MATERIAL PROVIDED: Begin

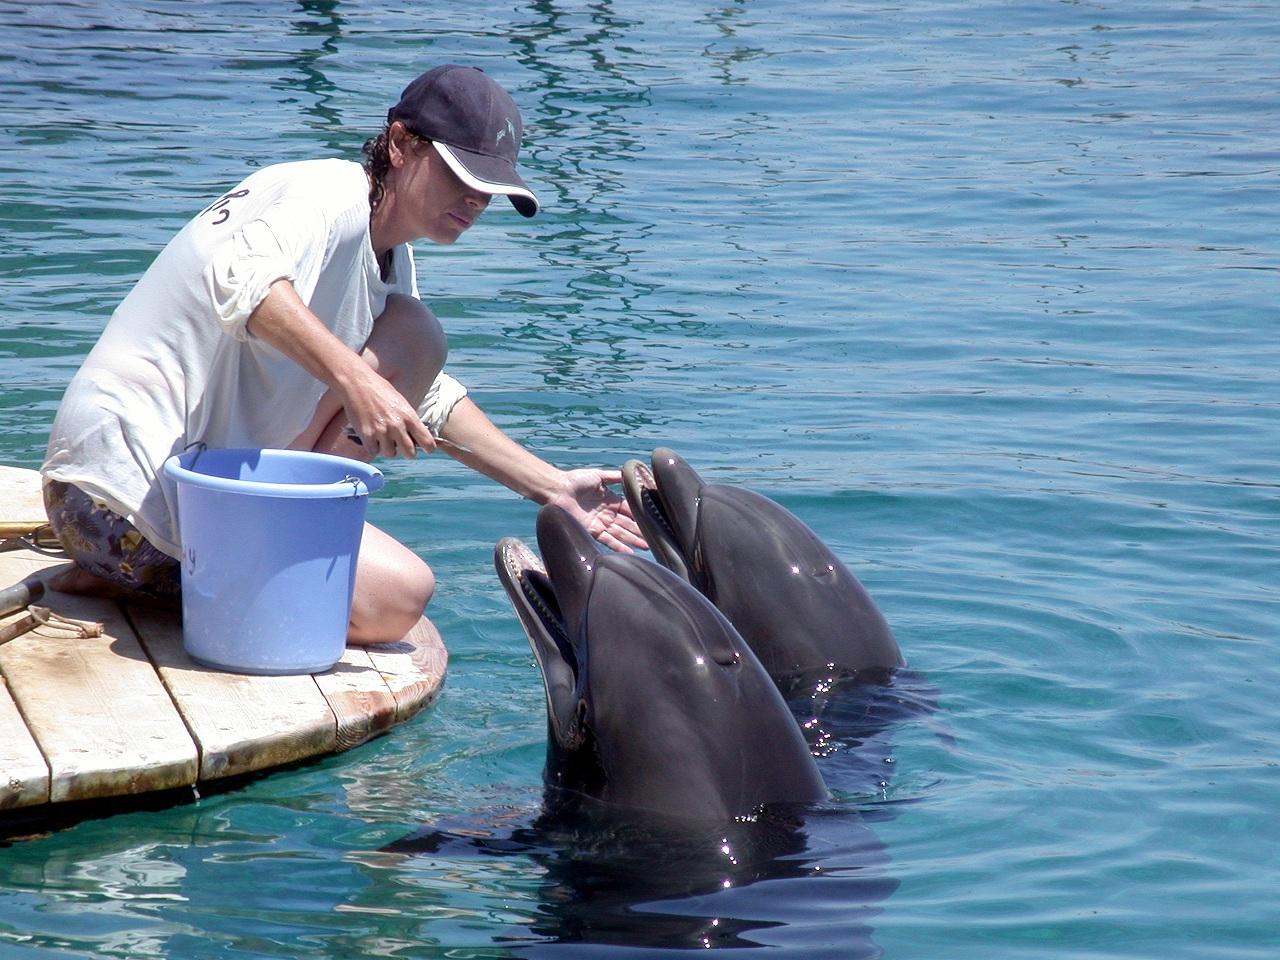 קנס גבוה לריף הדולפינים בשל הרס סביבתי
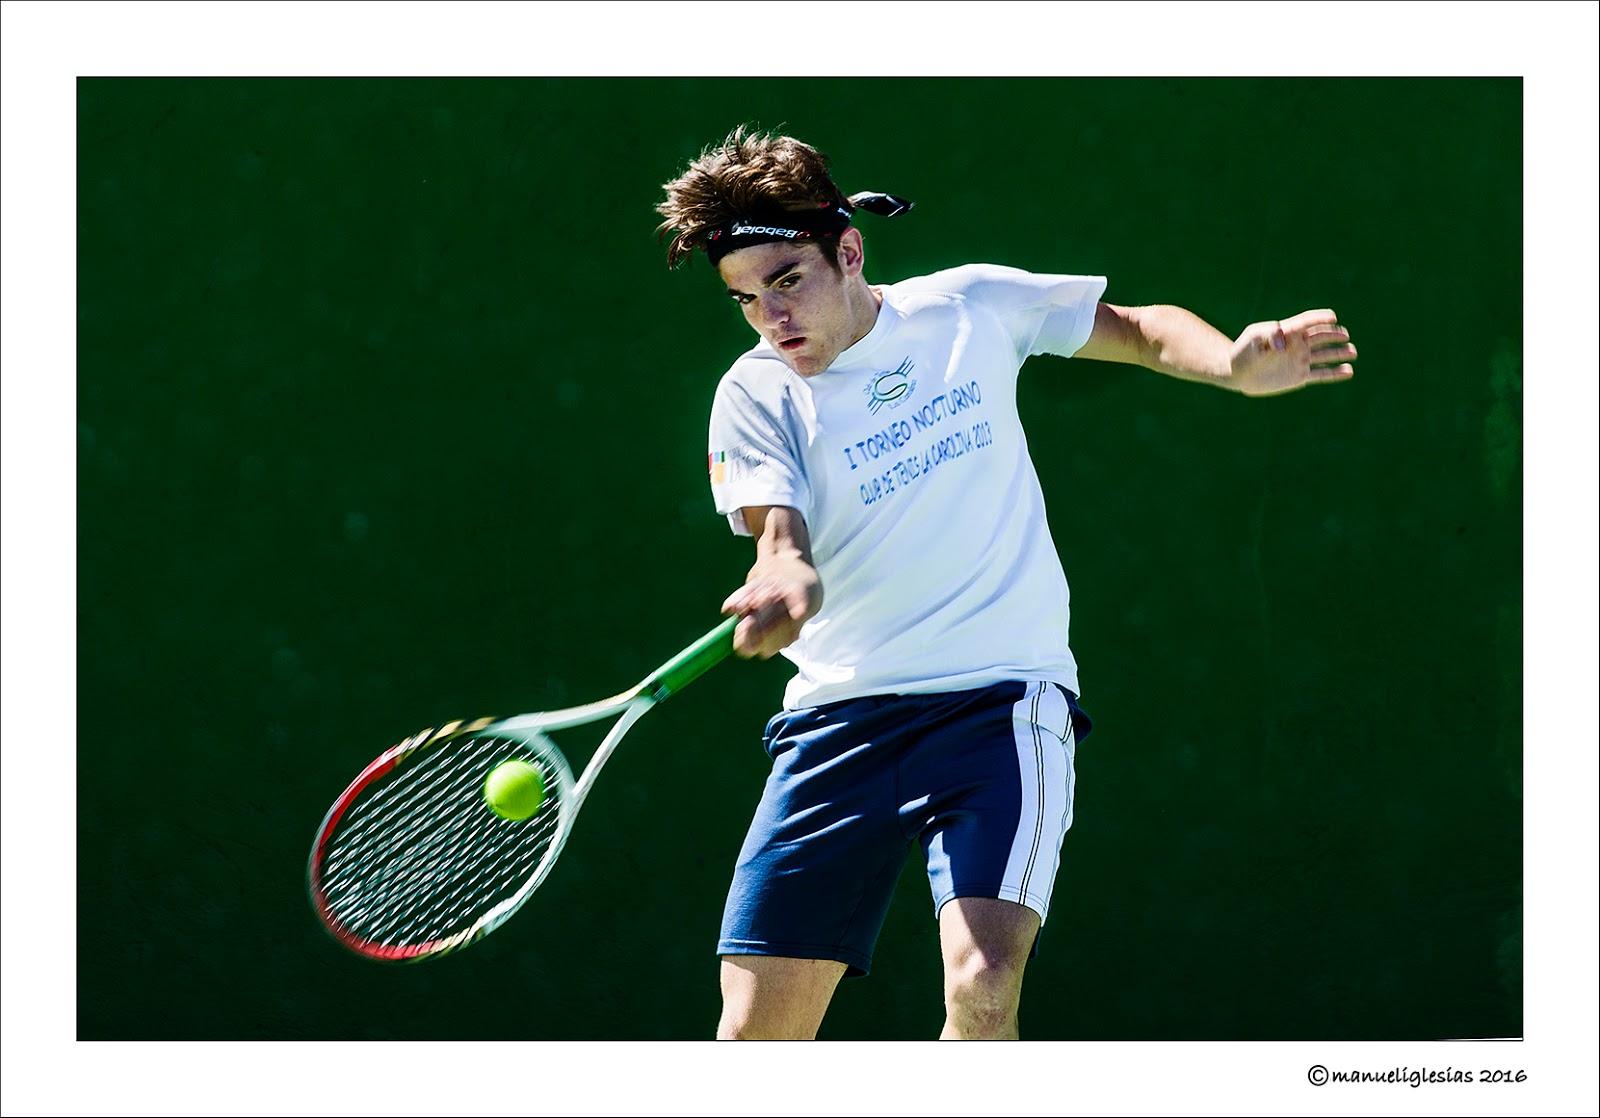 Circuito Tenis : Photoluzes tenis circuito del olivar
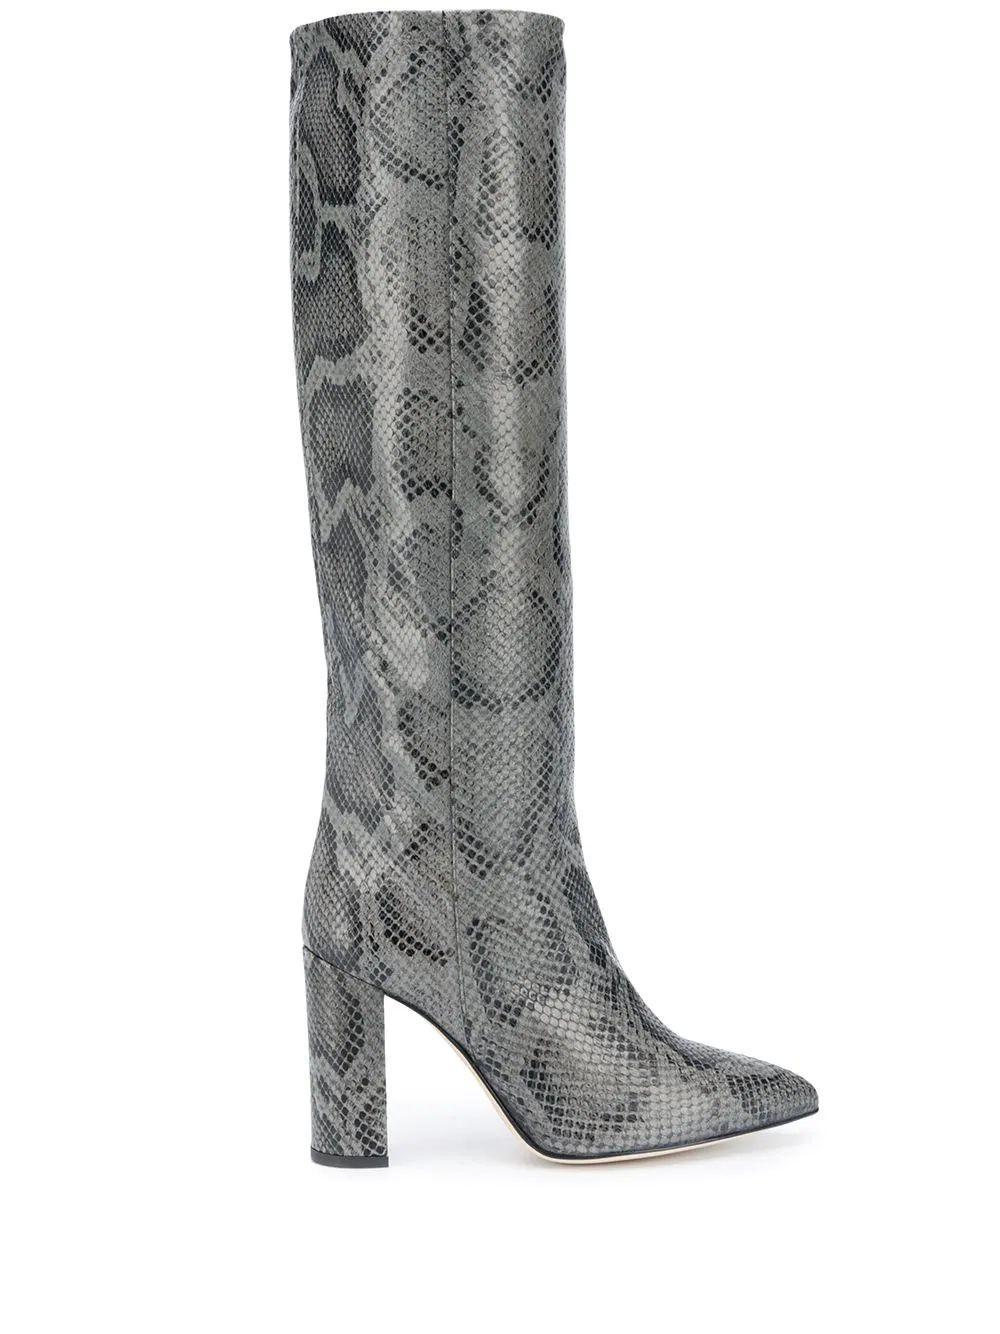 Python Print Boot

MATERIAL PROVIDED: End

*TASK TO CARRY OUT*
Leaving out the pictures, transcribe the material above exactly.

*EXERCISE RESULT*
 קנס גבוה לריף הדולפינים בשל הרס סביבתי
 Circuito Tenis : Photoluzes tenis circuito del olivar
 Python Print Boot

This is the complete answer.